REQUIRED WORK –
Exactly as written, print the lines from the top of the listing through the line containing "Una joven dama"; include no pictures.

COLLECTED MATERIAL –

═══

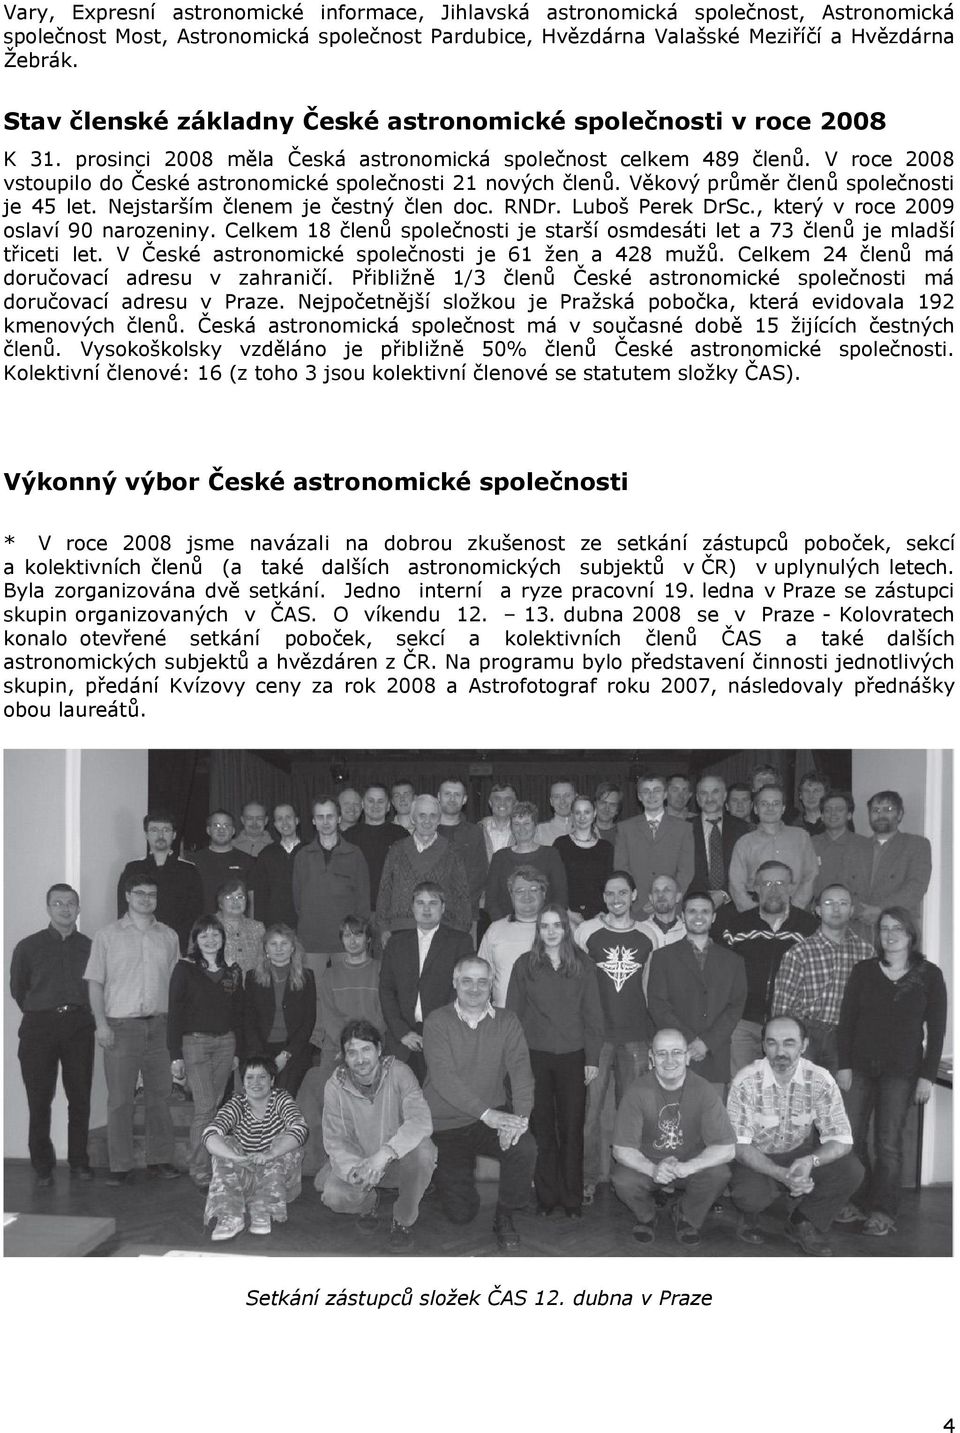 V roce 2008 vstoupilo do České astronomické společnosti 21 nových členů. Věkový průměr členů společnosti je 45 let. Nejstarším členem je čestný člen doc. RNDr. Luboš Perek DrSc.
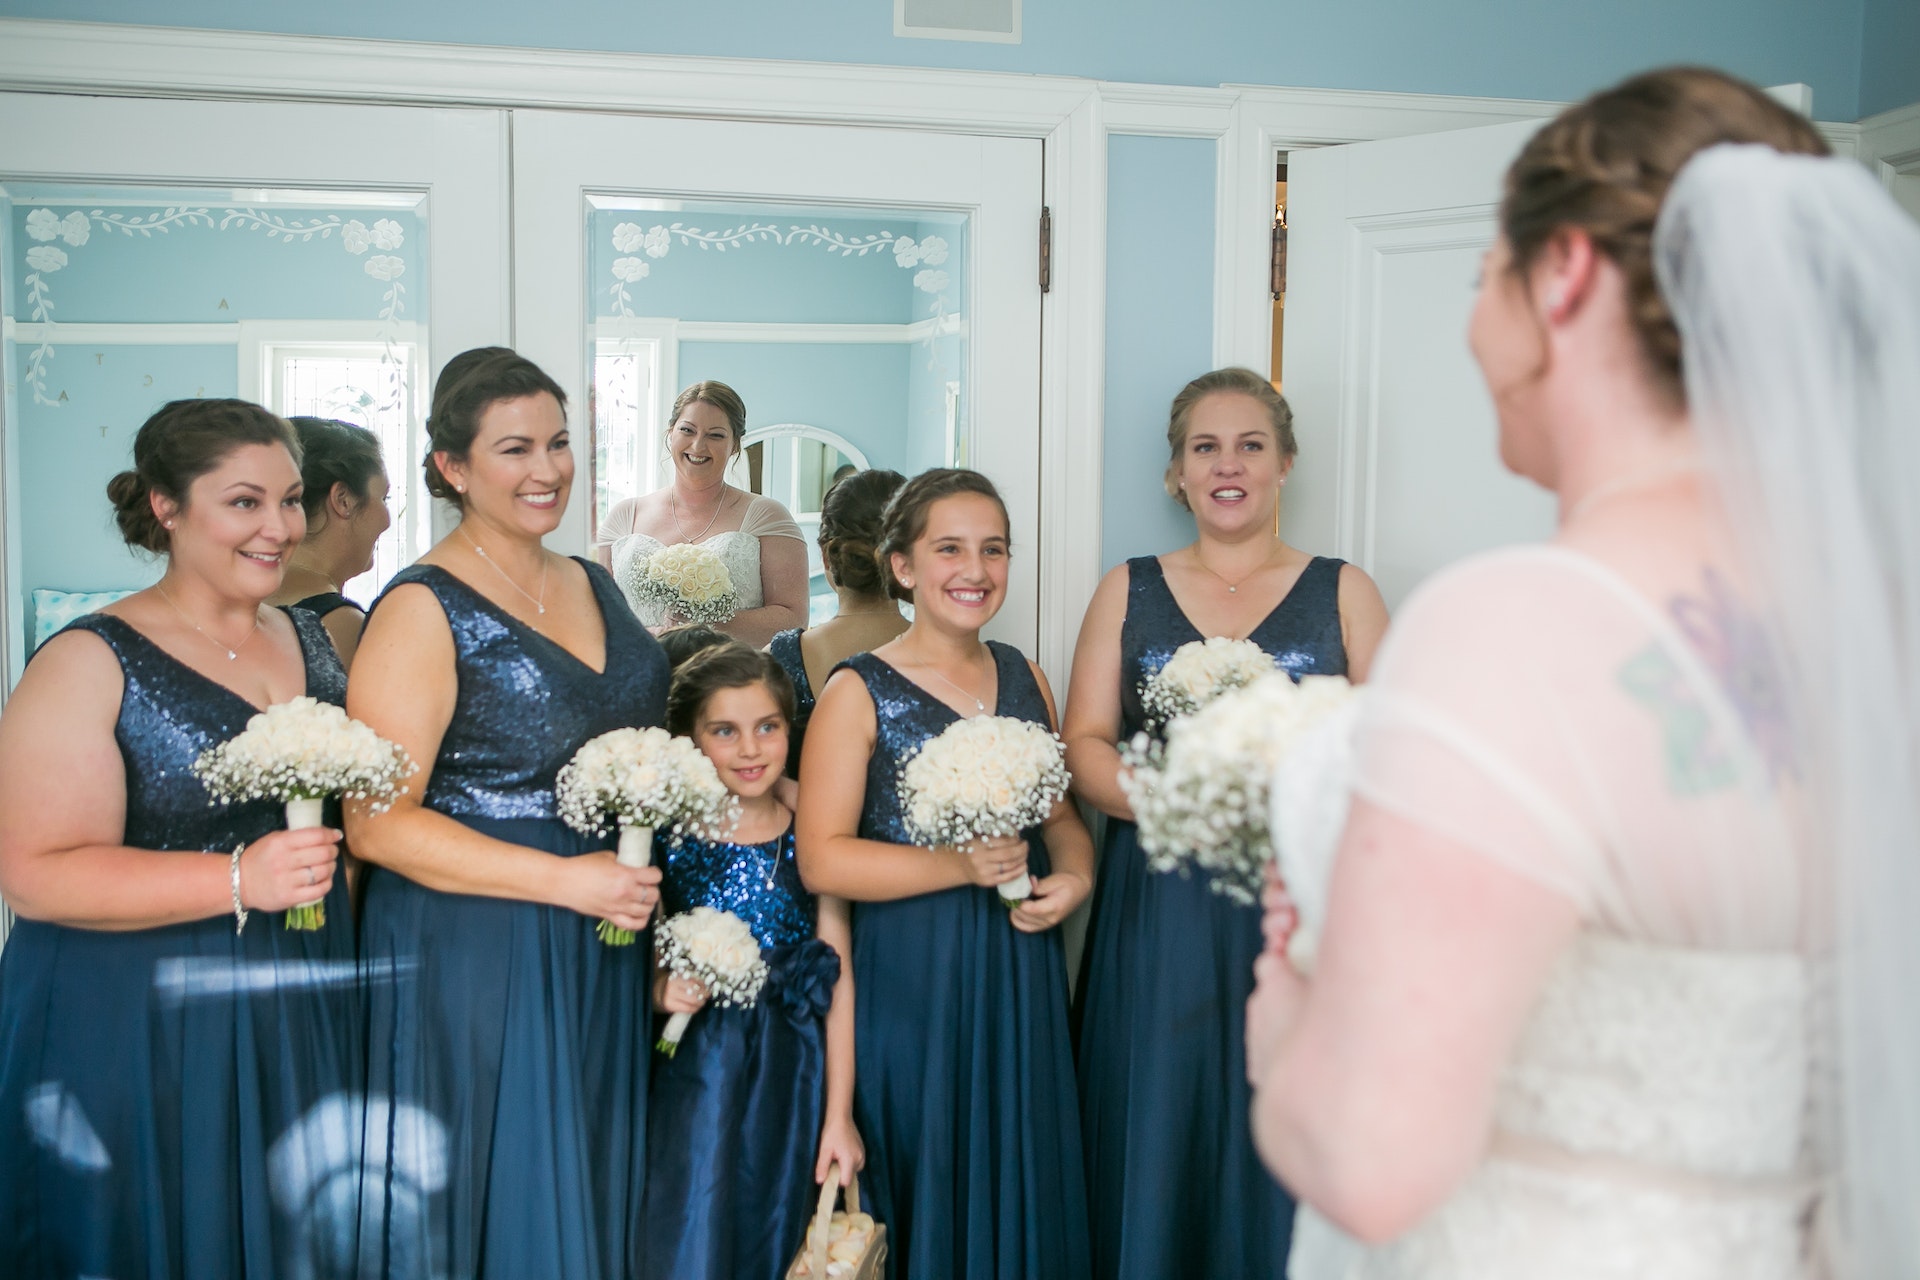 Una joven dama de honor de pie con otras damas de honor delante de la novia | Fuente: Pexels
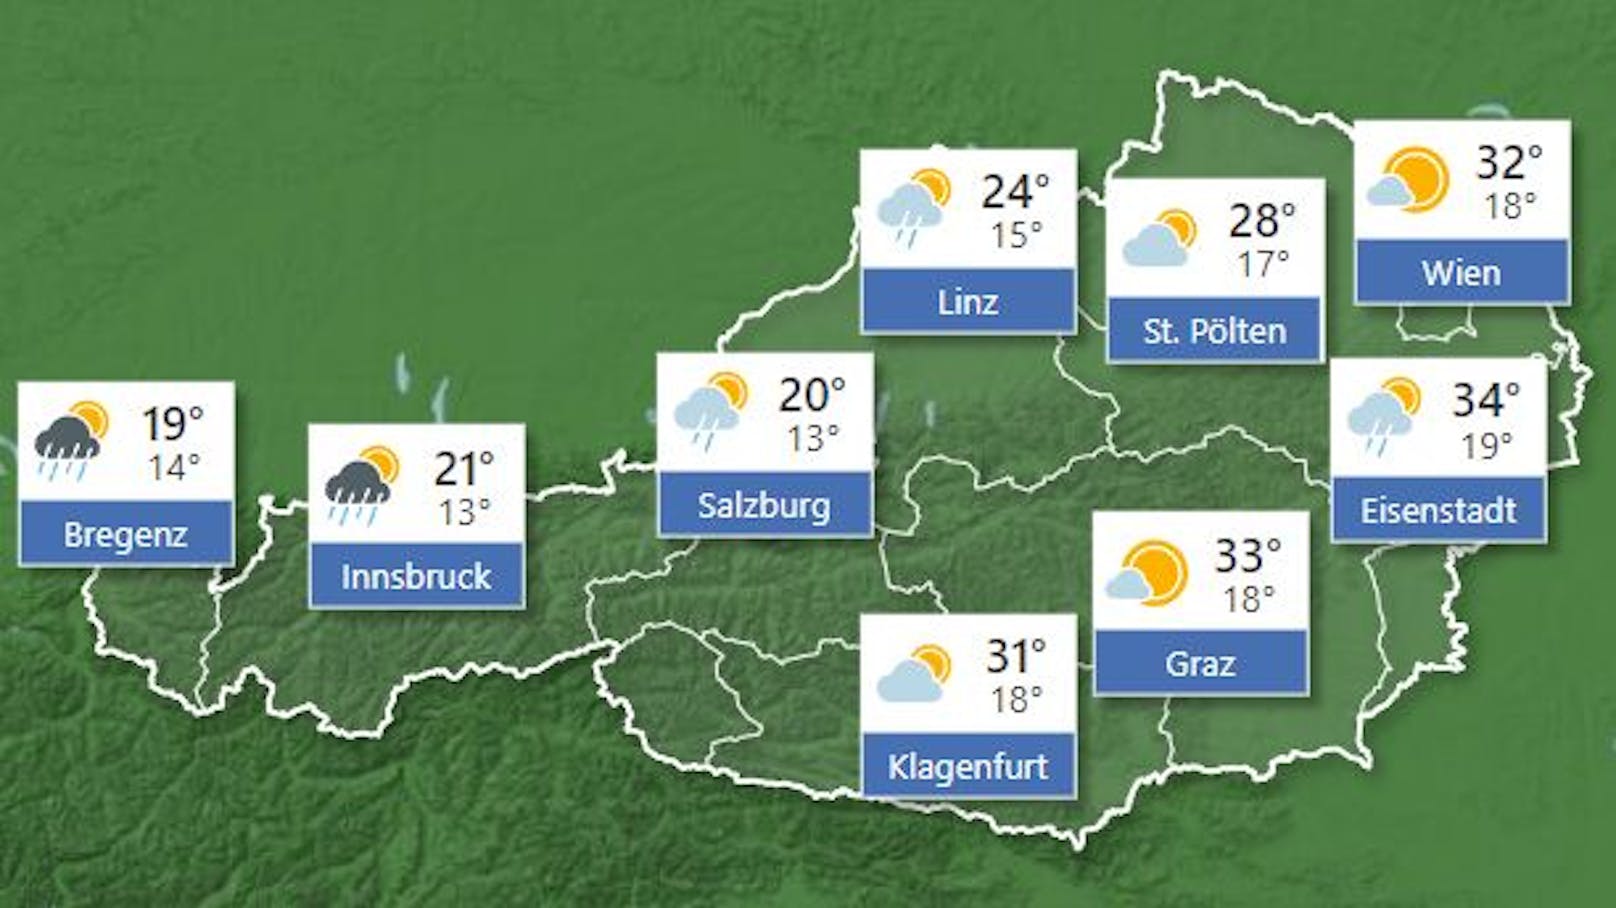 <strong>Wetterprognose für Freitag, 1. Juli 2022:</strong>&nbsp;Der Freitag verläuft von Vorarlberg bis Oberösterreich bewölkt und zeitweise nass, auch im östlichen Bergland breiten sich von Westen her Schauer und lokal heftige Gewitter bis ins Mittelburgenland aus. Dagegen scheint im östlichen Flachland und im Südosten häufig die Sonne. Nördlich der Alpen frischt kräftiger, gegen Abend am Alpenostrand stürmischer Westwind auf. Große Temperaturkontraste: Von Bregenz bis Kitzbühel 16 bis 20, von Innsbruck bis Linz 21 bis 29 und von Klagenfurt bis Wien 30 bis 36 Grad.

═══

RESULT OF THIS EXERCISE –
 V roce 2008 vstoupilo do České astronomické společnosti 21 nových členů. Věkový průměr členů společnosti je 45 let. Nejstarším členem je čestný člen doc. RNDr. Luboš Perek DrSc.
 Una joven dama de honor de pie con otras damas de honor delante de la novia | Fuente: Pexels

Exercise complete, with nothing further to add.